We shake it, turn it over, feel its weight…
We have always heard that the gospel is “Jesus died on the cross for me, to forgive my sins, so I can go to heaven when I die.” That’s technically not wrong, but it is far from the whole story.
I want us to go to Mark 1 and look at the gospel that Jesus preached while He was on earth and spend the next few weeks unwrapping it, investigating it, discovering what it truly is and what it was meant to do – not only in us but in the world and even in creation itself.
Read Mark 1:14-15
Question: If Jesus had not yet died on the cross, what did He mean by “the gospel”?
There are basically three elements to the gospel that Jesus preached:
- The time is fulfilled.
- The Kingdom of God is at hand.
- Repent and believe the gospel.
This morning we are going to concentrate on part 1: The time is fulfilled.
What does He mean by that? What time is He talking about, and what does He mean by “fulfilled”?
Today marks the beginning of Advent. In Christianity, Advent is the 4 Sundays that lead up to Christmas Day. The word advent literally means “the arrival of a notable person, thing, or event.” We buy Advent calendars, mark the days, light the candles, until “the time is fulfilled.” The Day arrives. That’s what we mean by advent.
One of our favorite Advent stories from the Bible is the visit of the Magi. Matthew records that:
“wise men from the east came to Jerusalem, 2 saying, “Where is he who has been born king of the Jews? For we saw his star when it rose and have come to worship him.” 3 When Herod the king heard this, he was troubled, and all Jerusalem with him; 4 and assembling all the chief priests and scribes of the people, he inquired of them where the Christ was to be born. 5 They told him, “In Bethlehem of Judea, for so it is written by the prophet:
6 “‘And you, O Bethlehem, in the land of Judah,
are by no means least among the rulers of Judah;
for from you shall come a ruler
who will shepherd my people Israel.’”
The wise men were expecting a king based on ancient prophecies. They were waiting for Him. And now, the best they could tell, the time had come, the prophecies had been fulfilled, the time had come, and they had come to see this King.
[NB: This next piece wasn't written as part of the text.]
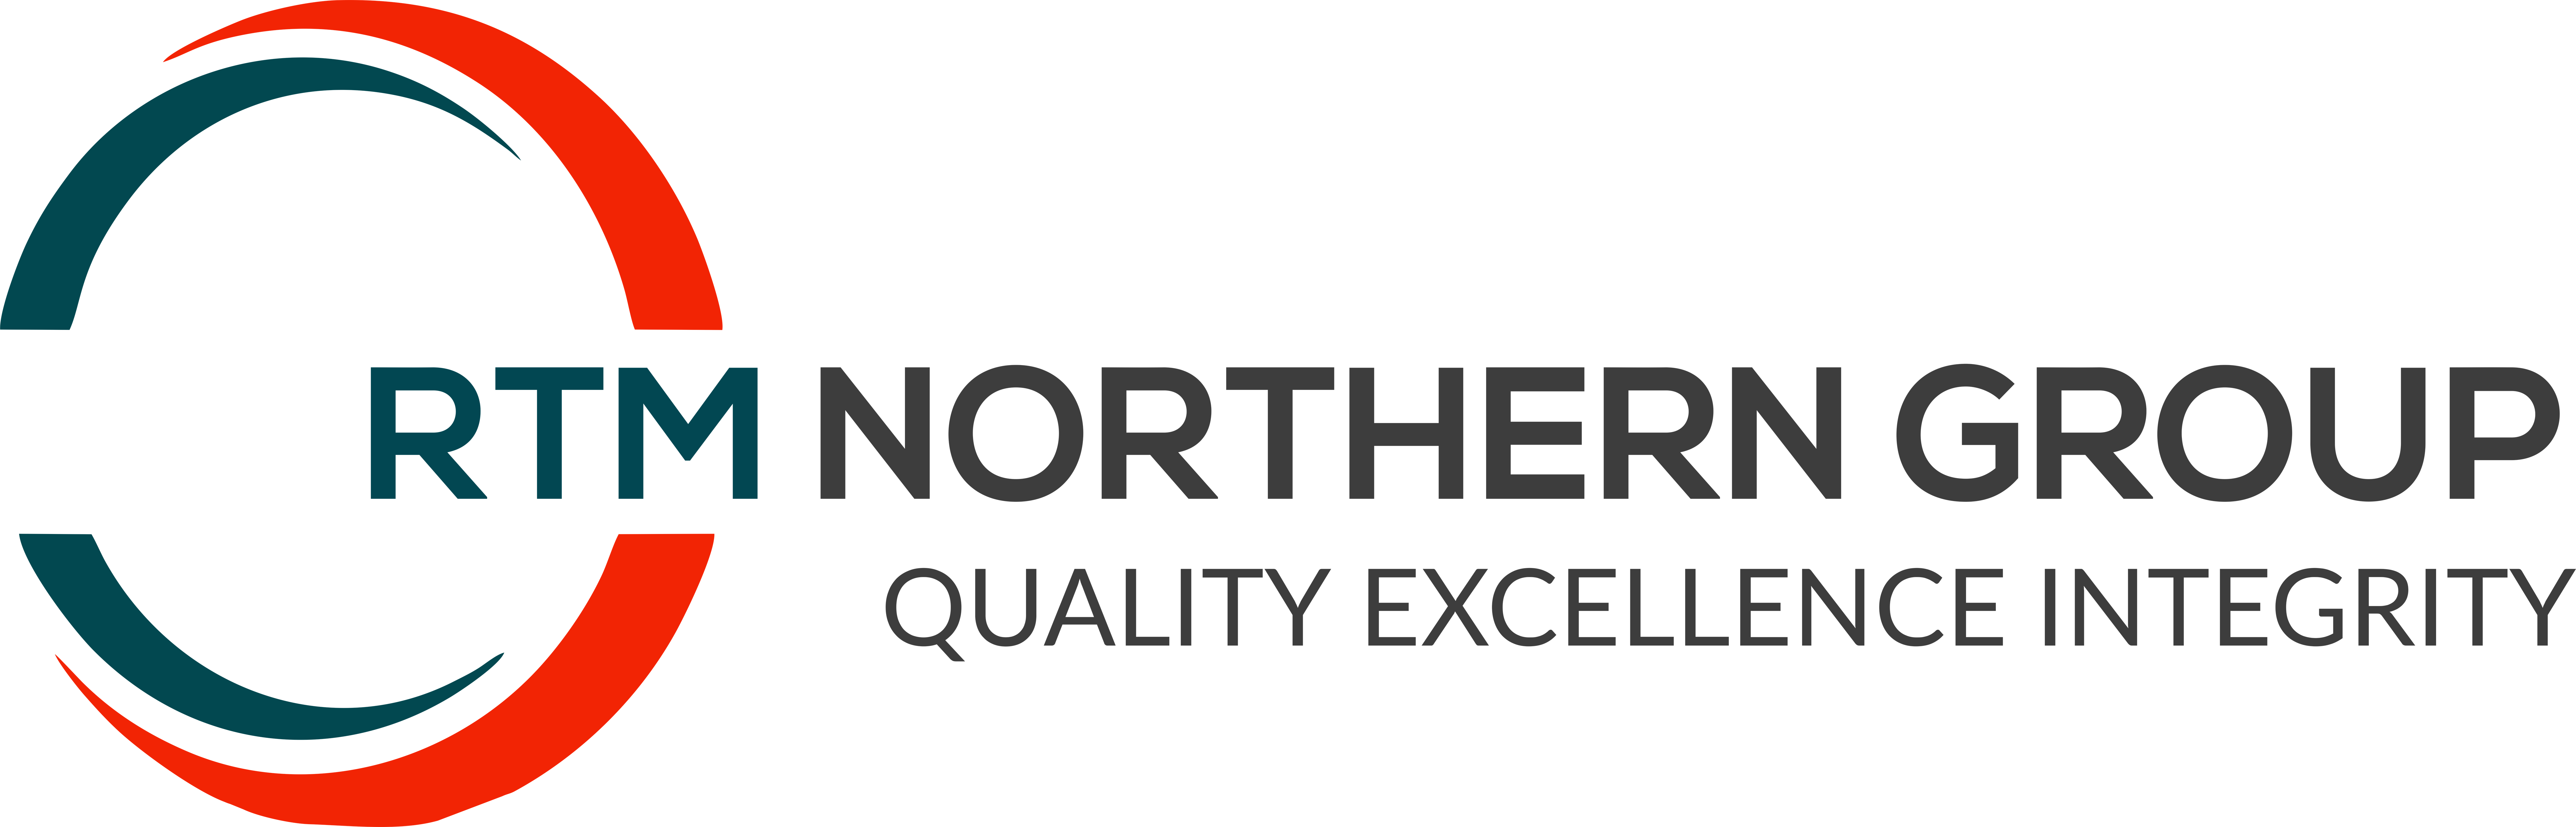 RTM Northern Group logo
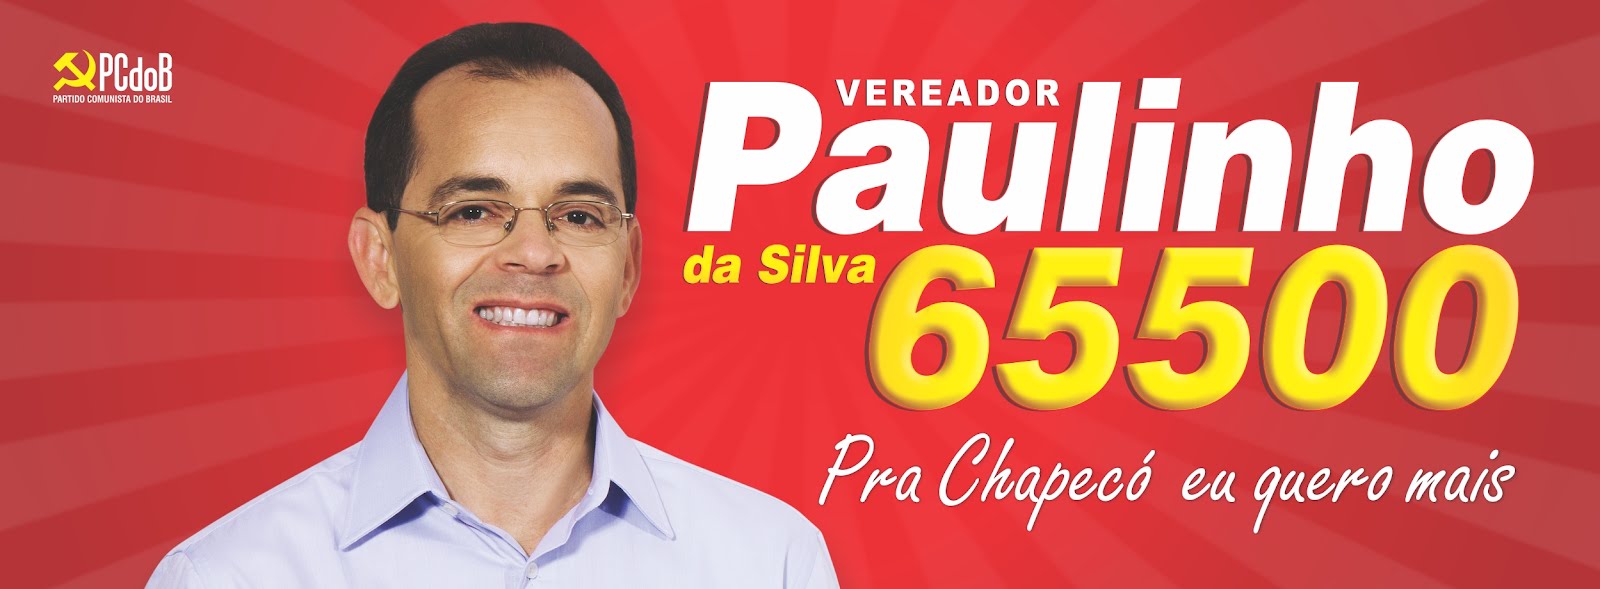 Paulinho da Silva 65500

This is what we celebrate during Advent, the coming of a promised King. That’s why Jesus is called Christ. Literally means “Anointed One.” Greek word for Hebrew word messiah = promised deliverer. Good translation would be “Liberating King.”
In Mark 1, Jesus comes into Galilee proclaiming “the gospel,” and He starts with these words: “The time is fulfilled.” In other words, “Ta da! I am the One you have been waiting for, the One who was promised.”
So who exactly were they waiting for? What was the promise that Jesus claimed to fulfill?
To fully understand this we need to rewind, all the way back to the beginning…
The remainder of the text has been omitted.